Güçlü olmaya çalışılıp bulunan enkaz onarılmadan bina yapmaya kalkışma eylemi.
Duyguları insan ruhunun besinleri olarak tanımlarsak farklı duygularla beslenmeye ihtiyacımız olduğunu söyleyebiliriz. Aslında her zaman mutluluğa ihtiyacımız yoktur, korku ve üzüntü neden böylesine korkuturdu insanları?
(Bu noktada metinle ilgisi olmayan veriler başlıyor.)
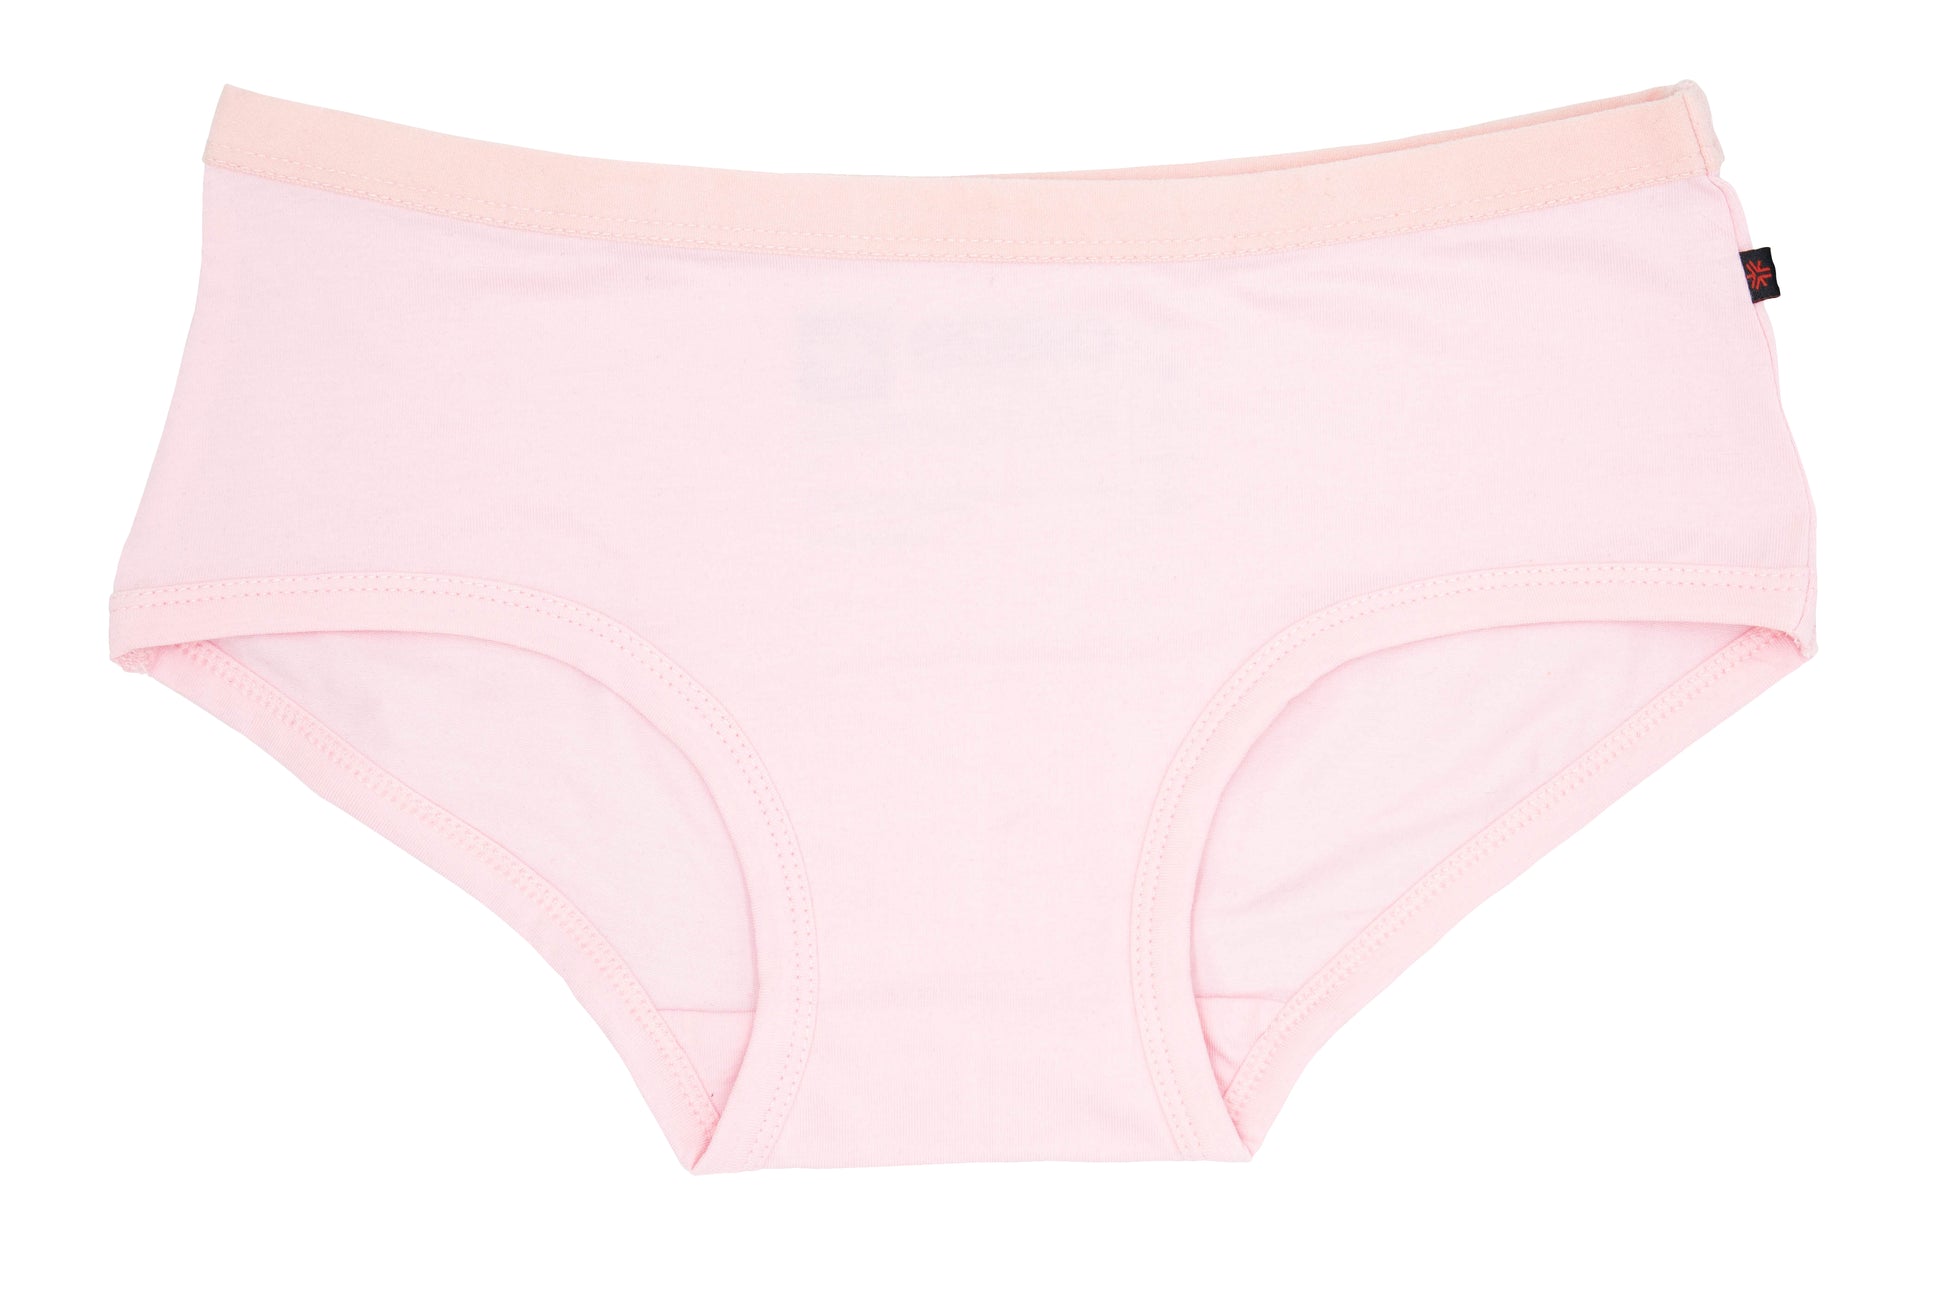 The Difference Between Women's Underwear Made with Cotton

Nitekim olumsuz duygular insan için hayati önem taşır. Örneğin korku olmasa tehlikeleri sezip önlem alma, tedbirli davranma yetimizi yeterli düzeyde kullanamayız. Bu da bizi tehlikelere karşı daha açık konuma getirir. Utanç duygusu olmadan ahlak, suçluluk duygusu olmadan vicdan gibi bazı değerler anlamını yitirir.
Bazen acı çekiyorsak bunu saplantı hâline getirmeden bırakıp acı çekmeliyizdir işte. Bastırmadan, ona zaman tanıyıp (tabii yapıcı tavırlar sergileyerek) iyileşene kadar küçük bir çocuk gibi davranmak gerek. Neticede acı, bazı şeyleri daha güçlü ve değerli kılacak bir farkındalıktır.